NAS will be perfect for what you need, or you could go all out with a fully fibered up SAN, with say 8 NAS nodes

and yes the hardware needed to run file storage servers, what ever model you choose, does not require a high performance processors or RAM, just good transmission media and an efficient raid array and OS.
 

Satyrist

Senior member
Dec 11, 2000
458
1
81
As an addendum to this thread,

What if I was looking at the same variety of duties, (filesharing, which admittedly this setup would be more than a bit overkill for) but also having the box do double duty as a dedicated gameserver as well, at the same time? (BF2, UT2K4, DC, FEAR, etc)

Would going 64-bit dual core (A64 x2) (and the addition of using a 64-bit aware/compliant OS) be of any advantage there, (filesharing and dedicated gameserver) or is there no advantage?
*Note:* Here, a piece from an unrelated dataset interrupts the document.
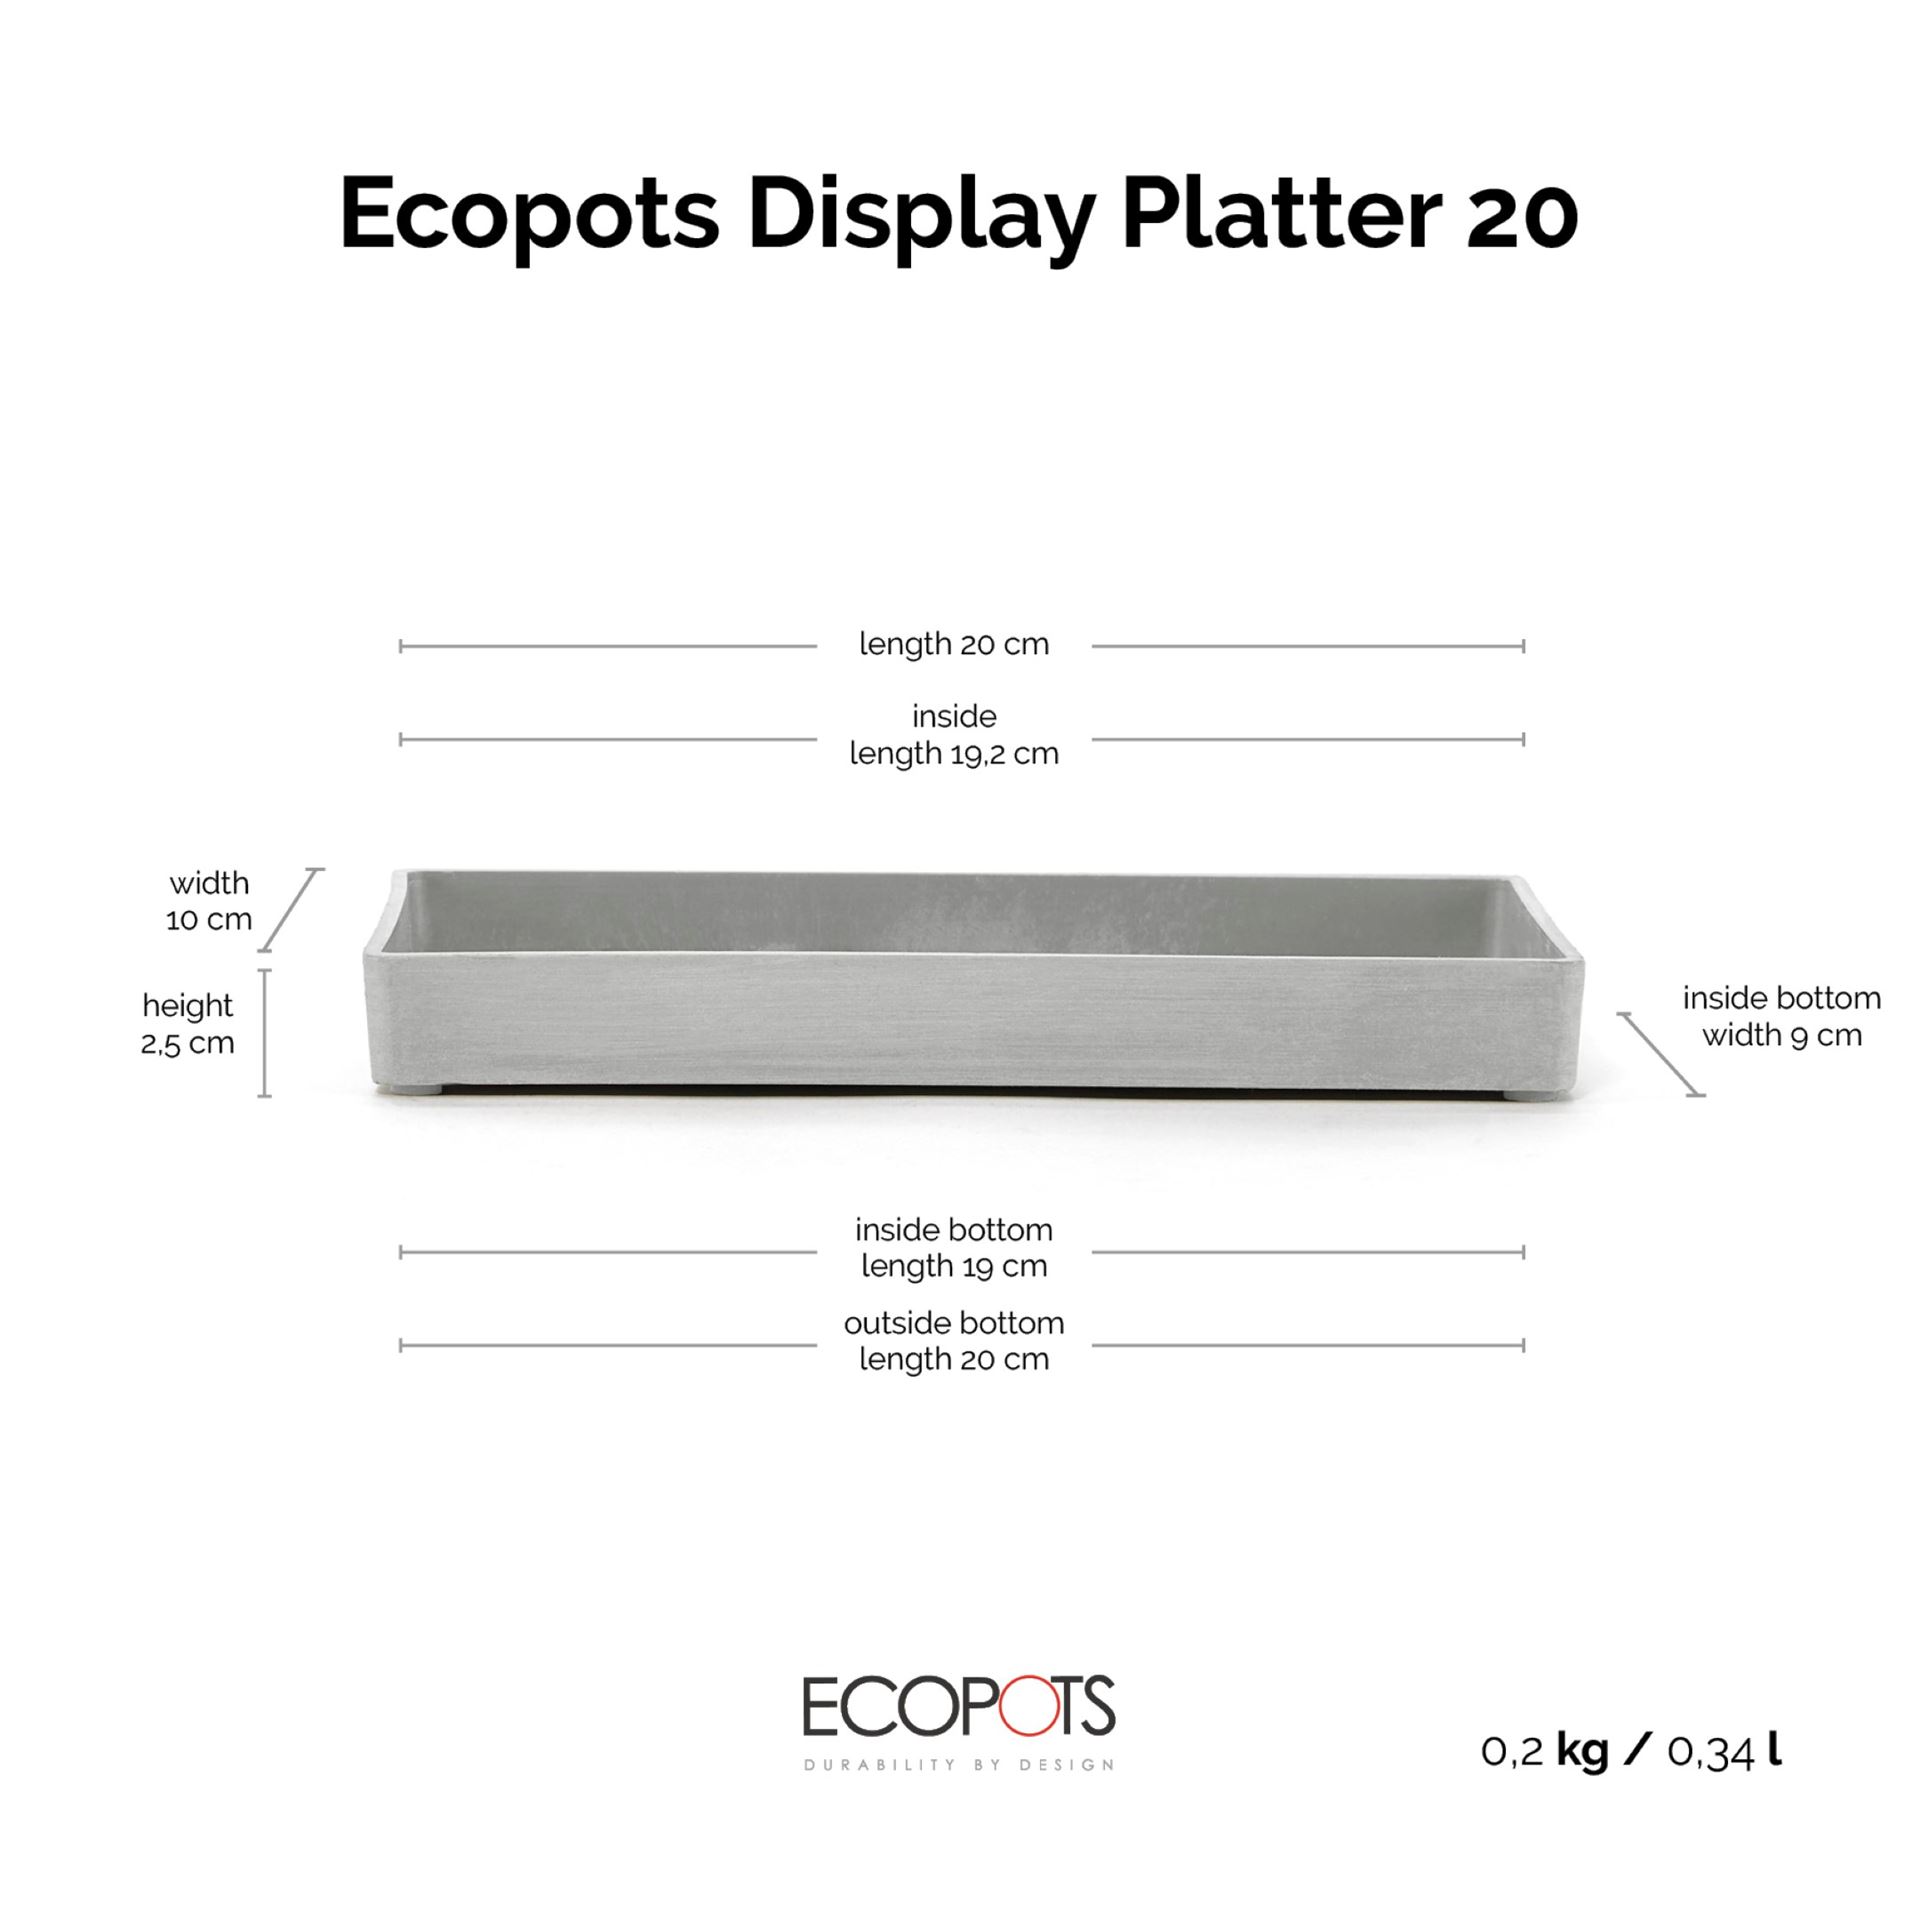 Ecopots-display-platter-white-grey-20-LBH-20x10x2-5-cm

I'm currently using my older NF2 (2500+ barton, 1gb cheap pc3200) for such a task, though it'd have to be for one task, or the other...It'd introduce too much lag/pingspikes in my limited experience.
 

prochobo

Senior member
Aug 9, 2005
517
0
71
Originally posted by: Satyrist
As an addendum to this thread,

What if I was looking at the same variety of duties, (filesharing, which admittedly this setup would be more than a bit overkill for) but also having the box do double duty as a dedicated gameserver as well, at the same time? (BF2, UT2K4, DC, FEAR, etc)

Would going 64-bit dual core (A64 x2) (and the addition of using a 64-bit aware/compliant OS) be of any advantage there, (filesharing and dedicated gameserver) or is there no advantage?

I'm currently using my older NF2 (2500+ barton, 1gb cheap pc3200) for such a task, though it'd have to be for one task, or the other...It'd introduce too much lag/pingspikes in my limited experience.

Ok, both you and the OP need to understand that fileservers or even game servers for that matter do not require high end hardware. I run a 7 drive fileserver while having a CS:S and UT2k4 (both at the same time) server running on a 1.8 P4, 1GB RAM. Everything runs fine till someone starts leeching (slowdown will happen with any server during this).

The main thing you need is a good RAID card, a gigabit card, and some good drives. If you want high end, get SCSI, but again, that's not needed.
 

Satyrist

Senior member
Dec 11, 2000
458
1
81
I was talking about using a dual-core cpu though.

The P4 in your post is using a single core...With hyperthreading instruction sets.

I'm not looking to flame, I'm not sure that it's necessarily a straight apple-apple comparison there. (But likely I do not have the whole story behind the technologies, so please excuse me in any event.)

 

theMan

Diamond Member
Mar 17, 2005
4,386
0
0
you should probably use RAID 10. just get a nice cheep sempron 2800+ system.
 

CrimsonChaos

Senior member
Mar 28, 2005
551
0
0
Originally posted by: RichUK
just get a NAS setup if its only going to be for network storage
I agree. I just bought a small NAS device for our home network, and it works great. All computers can access it simultaneously without any problems.